Saturday, December 24, 2011

Crime and Justice in Provence

Well, it's everywhere. Crime, I mean.(You didn't think my rose-coloured glasses were that heavily tinted, did you?)Every time I open the local paper or turn on the news there's another armed robbery reported or another shooting in Marseille. Yesterday a 17-year-old boy was shot dead in Marseille outside an apartment block, La Castellane. The sapeurs-pompiers (fire brigade/paramedics) arrived promptly but couldn't save the boy from the seven rounds fired into his body from a kalashnikov rifle.

Marseille's long had a reputation for violent crime and the latest version of urban warfare in France's second city combines cocaine dealing with kalashnikovs.

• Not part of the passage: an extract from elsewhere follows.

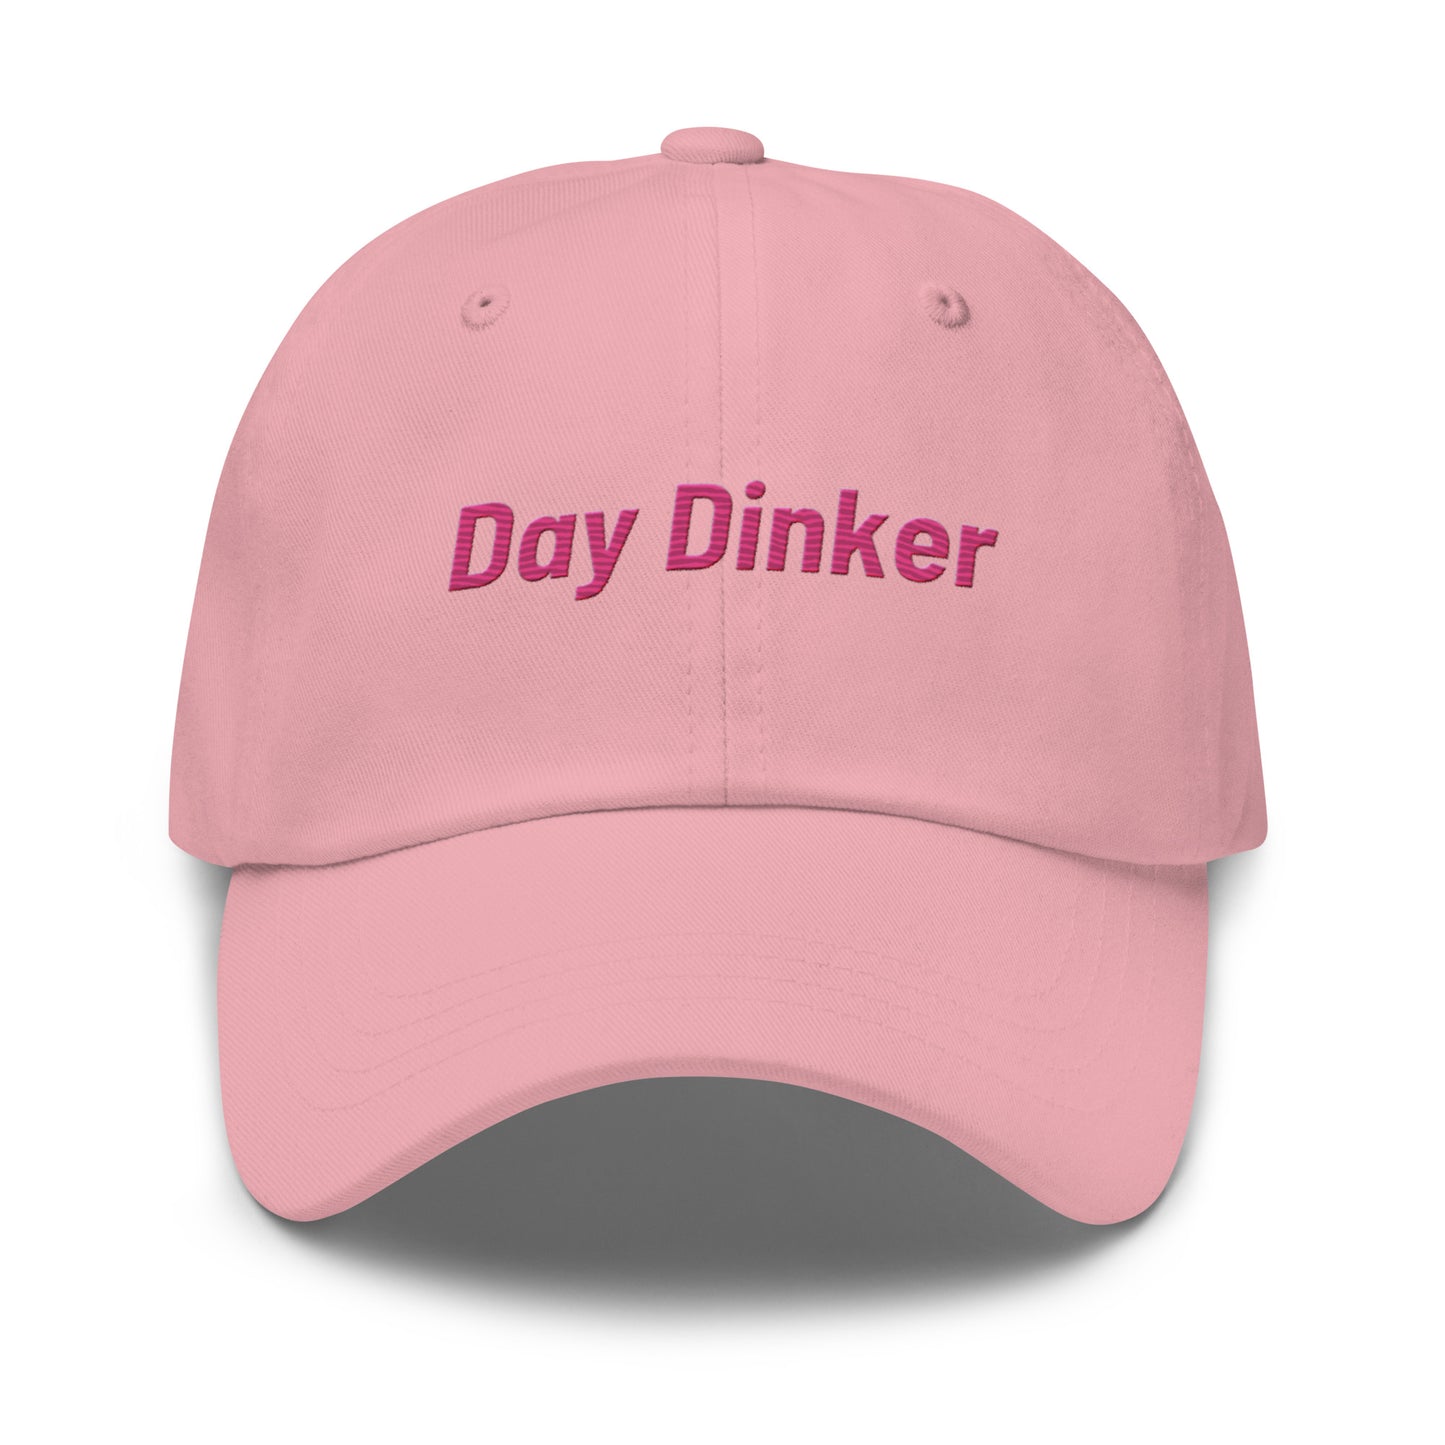 "DAY DINKER" PICKLEBALL DAD HAT PINK

A few weeks ago another youngster, Ali Attia, was shot dead in his cousin's restaurant in a café in Saint-Antoine, a quartier in the north of Marseille. His killer strolled in with a kalashnikov and shot him as he sat at the dinner table.

These tit-for-tat killings are referred to in the Provençal press as a war of the clans - gangs and families vying to control cocaine supply in Marseille. But there are also casual killings when young men loaded up with cocaine take offence at a passing glance from another kid in the quartier. Guns are used as casually as fists once were. The ex-wife of a friend of mine was shot in the head some time ago as she walked down a road in Marseille in daylight. Obviously not knowing what had hit her, she was rushed to hospital and luckily survived. What had hit her was of course a stray bullet from a gun being used by a local guy to settle some imbecilic score - drug payment or other.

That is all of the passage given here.